One scrambles for exceptions – Orwell? Koestler? Solzhenitsyn, surely? But Zbigniew Herbert’s careful qualification – “direct” – would seem to leave out even the author of The Gulag Archipelago The passage above is from “The Poet and the Present,” a previously untranslated essay included in The Collected Prose 1948-1998, for me the most excitedly anticipated new book of the year.

I don’t know much about Herbert but it sounds as though some of his formulations came in response to one-dimensional thinking from the left in the early 1970’s when he was teaching in California. Take the following statement, for example:

And I often wonder why the work that results from this essentially noble stance is intellectually immature, as if the proclamation of humanist ideals led the artist into the realm of banality.
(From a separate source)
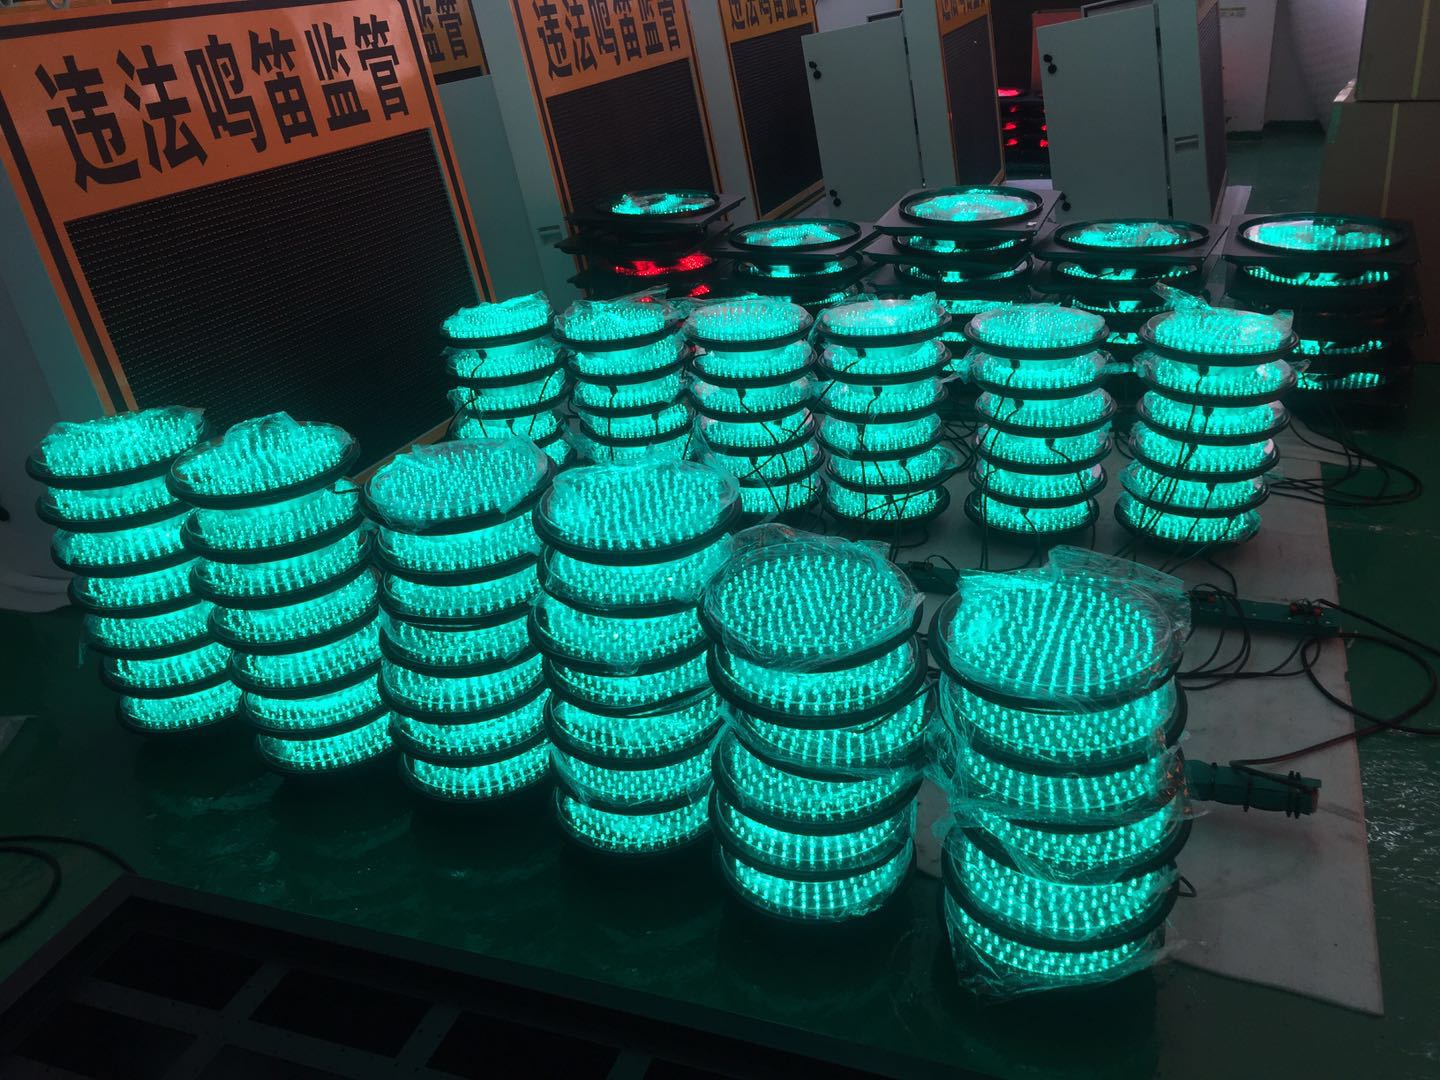 300mm green LED traffic light module doing aging testing

I’ve often asked myself if it isn’t too cruel a punishment that political kindheartedness should cancel out a work’s artistic value.

Kurp seconds this, noting,

Good wishes and good feelings, whether in Steinbeck or Neruda, don’t make good art. [I trust that Krup is not relegating Grapes of Wrath to propaganda since I consider it a supreme work of art.] In fact, they make good art almost impossible. A poet cannot be a propagandist and remain a poet, any more than a neurosurgeon can simultaneously practice découpage. Herbert, survivor of Nazi and Communist barbarism and vulgarity, writes:

“The poet’s sphere of action, if he has a serious attitude toward his work, is not the present, by which I mean the current state of socio-political and scientific knowledge, but reality, man’s stubborn dialogue with the concrete reality surrounding him, with this stool, with that person, with this time of day—the cultivation of the vanishing capacity for contemplation.”

I agree heartily with Kurp’s belief that “if poetry or any art is to be memorable and moving, it can be neither engagé nor an empty game.” To which I add that the poet’s obligation is to truth.  I believe that those who want to change the world should listen to what the poet teaches us about human complexity. We become our biggest selves in the presence of art, and activists and world leaders would do well to build upon that vision.

It sounds like Herbert says something to this effect as well. Kurp’s review concludes with this wonderful quotation by Herbert:

I always wished I would never lose the belief that great works of the spirit are more objective than we are. And that they will judge us. Someone very rightly said that not only do we read Homer, look at frescoes of Giotto, listen to Mozart, but Homer, Giotto, and Mozart spy and eavesdrop on us and ascertain our vanity and stupidity. Poor utopians, history’s debutants, museum arsonists, liquidators of the past are like those madmen who destroy works of art because they cannot forgive them their serenity, dignity, and cool radiance.

Thanks, incidentally, to Andrew Sullivan’s Daily Dish for alerting me to Kurp’s website.